What’s in a name?

I’ve recently grown very uncomfortable about my internet privacy, or lack thereof.

Facebook. Twitter. MySpace. YouTube. Bebo. LinkedIn. Friends Reunited. Face Party. Flikr. hi5. LiveJournal. WAYN. Yammer. I’ve signed up to them all at some point.
Banking. Council tax. Bills. Food shopping. Loyalty cards. Video rental. I manage these all online.

All of these accounts! All of my personal information dancing around the intertubes! I’m an open book! An eBook, if you will.

In fact, “uncomfortable” is an understatement. I’m concerned. I’d like to go back in time and set up an entirely new online alias. All of my details, opinions and insults, would become theirs and Amy Daynes? Well, she’d just be ‘that girl with the curly hair’.

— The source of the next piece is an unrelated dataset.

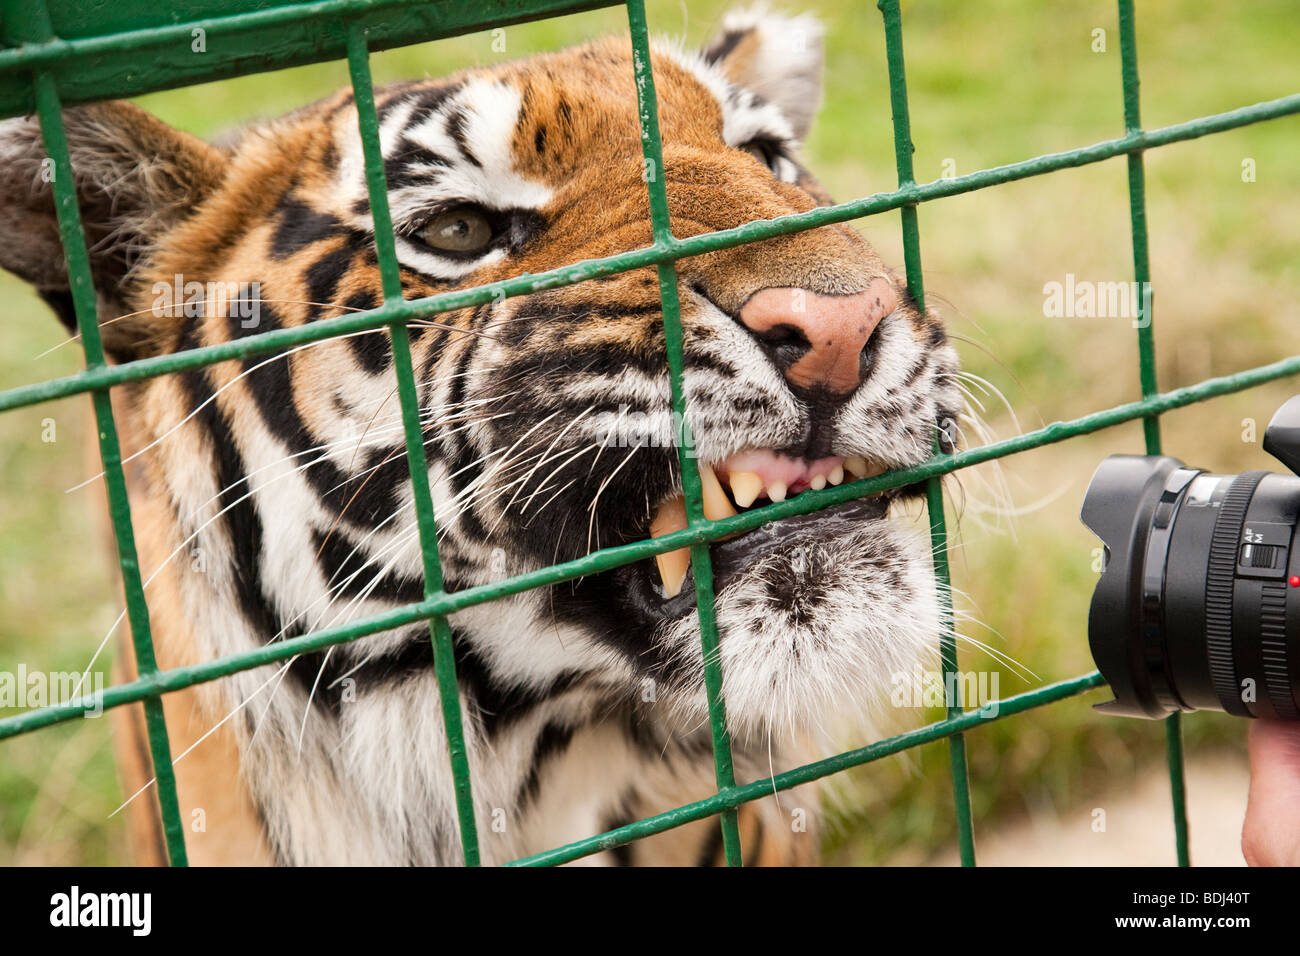 Tiger appaiono essere arrabbiati per avere la sua fotografia scattata Foto Stock
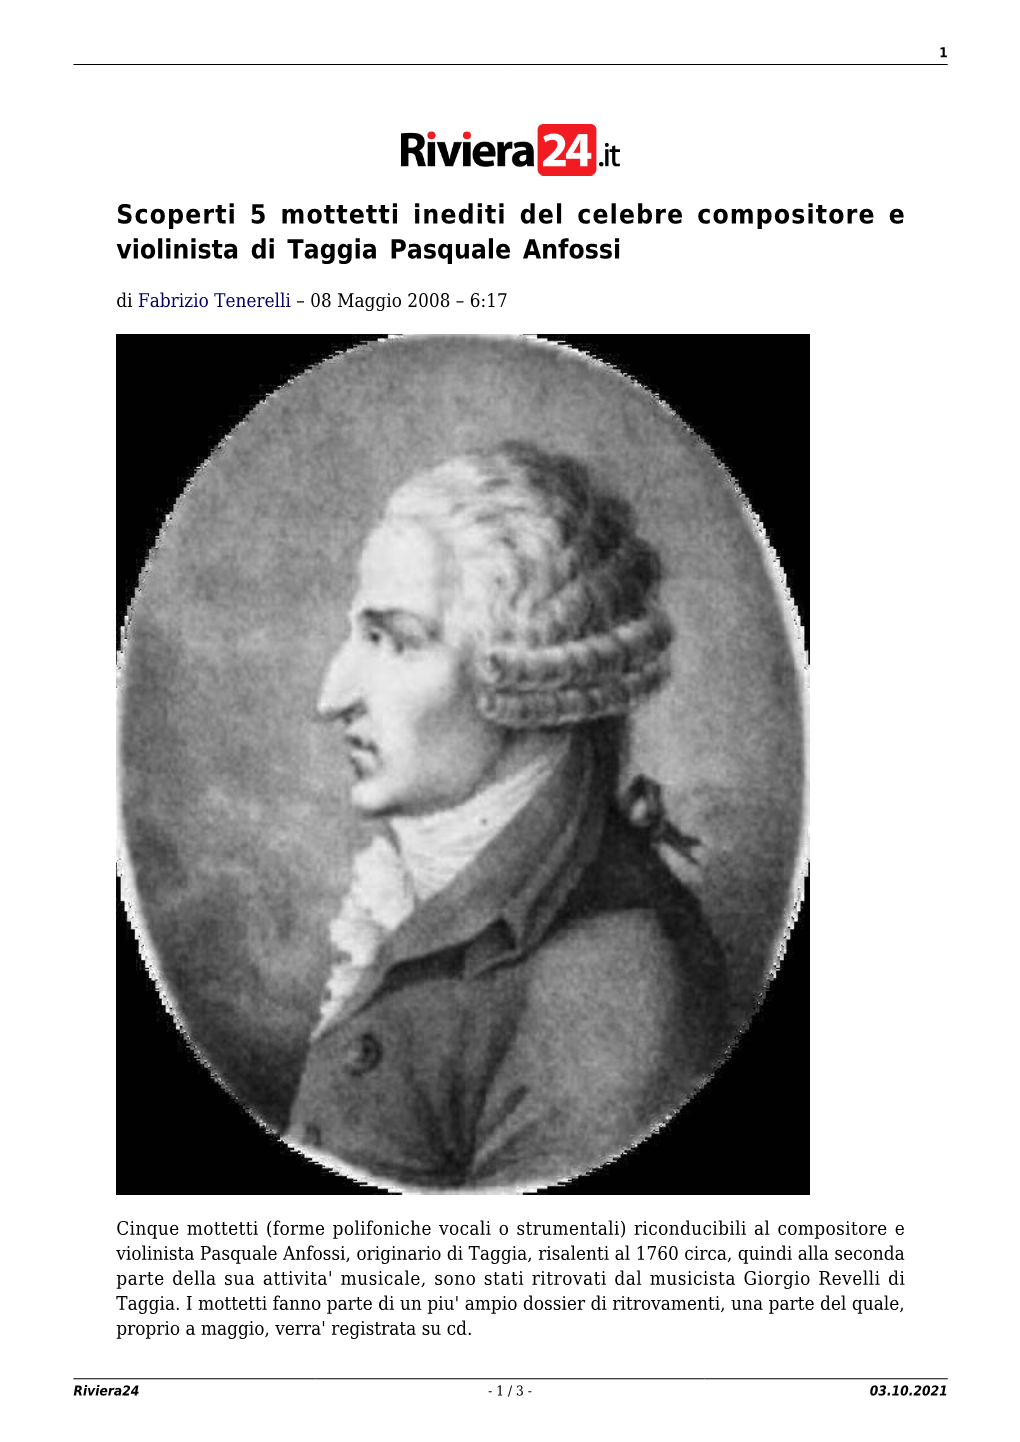 Scoperti 5 Mottetti Inediti Del Celebre Compositore E Violinista Di Taggia Pasquale Anfossi

I am a copywriter working in digital advertising, so I am keen to advertise myself online and make use of all new digital technologies. And so I have. But the difficulty lies in the crossover between my professional presence on the web and my personal one.

“amy daynes” currently returns 394 results on Google and, rather alarmingly, “amydaynes” returns about 364,000. The latter is my username for almost everything and so Google will return every action I have made on these accounts in the past. That’s not cool.

I don’t mind people knowing I’m a copywriter and seeing my work. But if people can just search “amy daynes” and read my comments and opinions on different subjects, all spread across various blogs, forums and sites, well that’s perturbing.

I am a stalker’s dream. Just look at Facebook photos for a visual and visit my site to find out where I work. I’ll even give you regular Twitter updates in case I deviate from my usual routine.

Hmm. I think this digital alias thing may not be a bad idea.